Afghanistan is a difficult but necessary commitment 

I understand the concerns about sending more troops to Afghanistan. No one wants to put more of our servicemembers in harm’s way. No one wants to be spending more of our resources abroad when there is so much to be done at home.

After eight years and significant missteps, concern is justified. But the American people should be assured of three things:

This mission is necessary: If we were to leave now, Afghanistan would return to the conditions that allowed us to be struck on 9/11. More importantly, a failed Afghanistan would critically destabilize Pakistan, which currently faces an existential threat from al-Qaida and allied extremists.

If Pakistan collapses we will face an unthinkable situation: a nuclear-armed failed state overrun by the most powerful and most radical jihadist groups in the world. Al-Qaida may organize elsewhere, but there is nowhere on the face of the planet more advantageous to them and more dangerous for the world than where they are right now.

Success is attainable: In Afghanistan, our goal is not ideal democracy, but simply conditions that will be inhospitable to al-Qaida after we depart. The Taliban we face there is not the 250,000-man insurrection that defeated the Soviet Union. The Taliban’s Afghan forces number only around 20,000, and most of those are mercenaries.

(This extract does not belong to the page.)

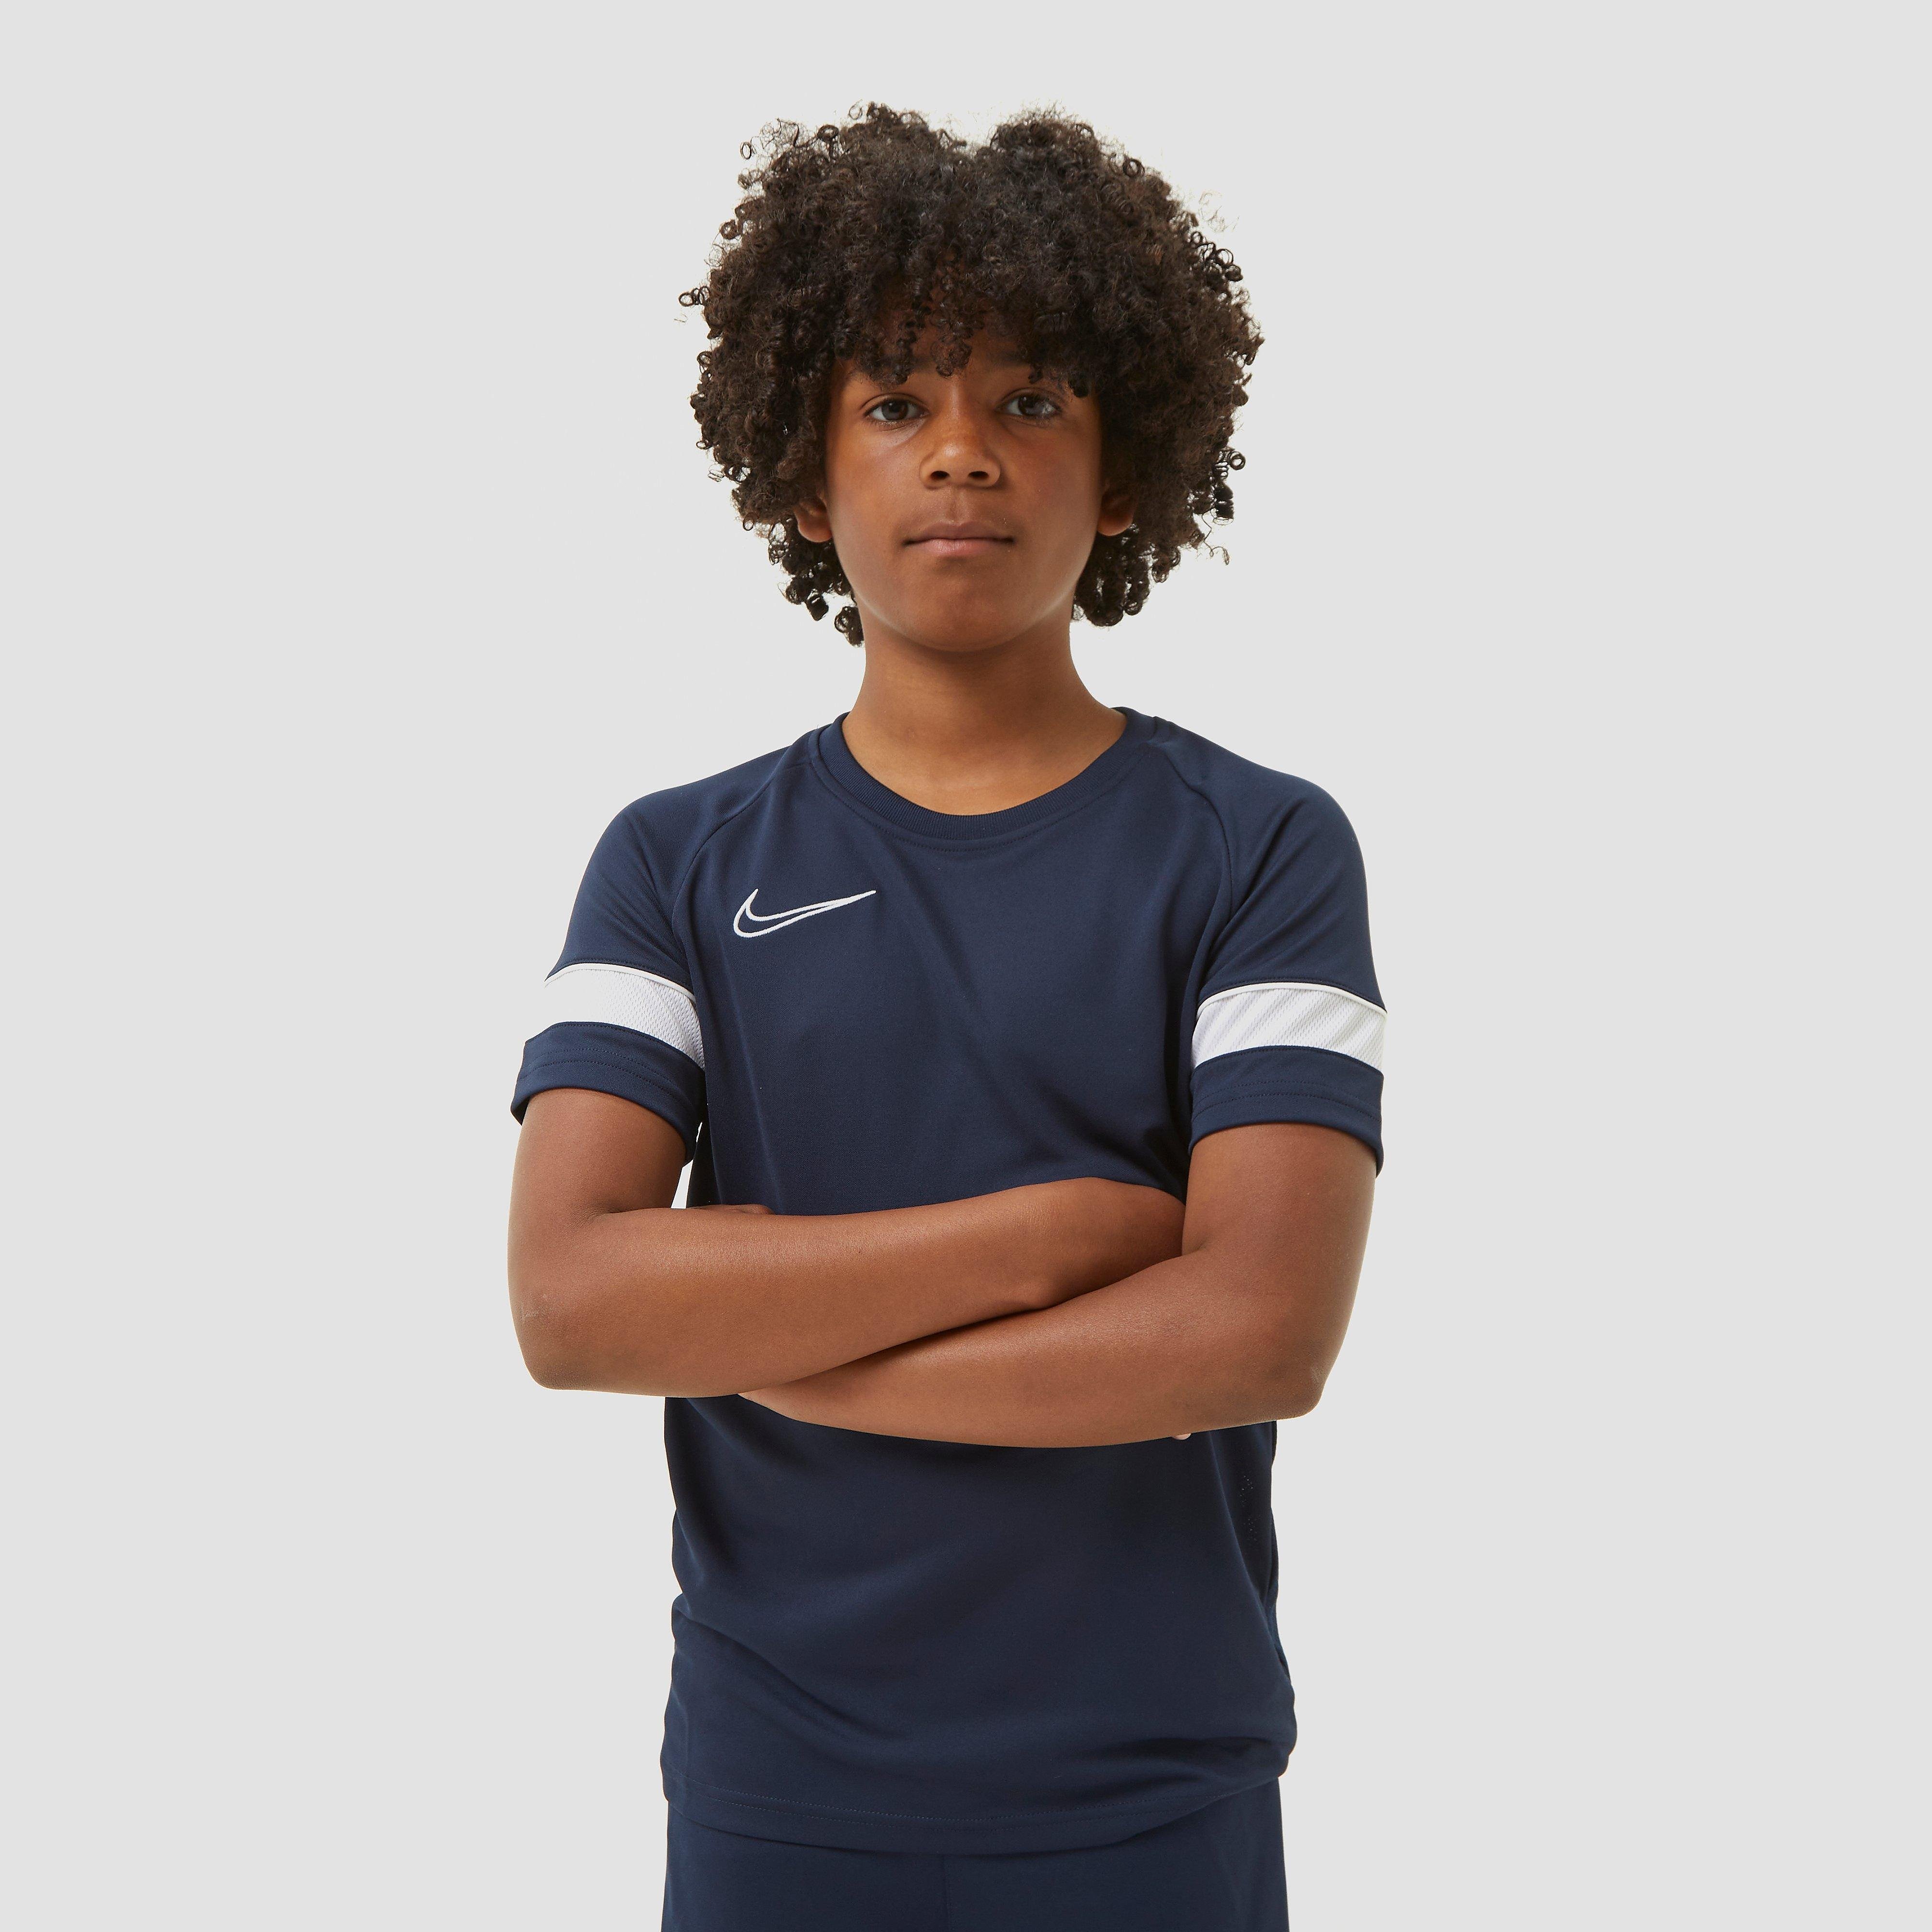 Nike Nike dri-fit academy voetbalshirt blauw kinderen kinderen

Those fighting for a wage or because of political alliances can be brought in from the battlefield. Those ideologically committed — roughly 6,000 in Afghanistan — can be defeated.

The cost is significant, but justified: The president has provided an honest accounting of the cost of this increase — approximately $30 billion this year. This cost is high, but would be higher if we muddled along without a sufficient commitment or, worse, were compelled to return.

This cost should be paid for by reductions in programs elsewhere, closing tax loopholes (such as the $79 billion loophole for fossil fuel industries), and/or by revenues. Unlike the previous administration, we will bring this cost into the budget process and pay for it without adding to the debt.

The president has made a difficult decision. Politically, this escalation will not please some and his commitment to a focused mission with an exit strategy will not please others.

But leaders cannot be worried about political consequences. Leaders should make the decision they feel is just, explain themselves to the people and stand accountable.

Rep. Joe Sestak, D-Pa., is a former three-star admiral and veteran of the war in Afghanistan.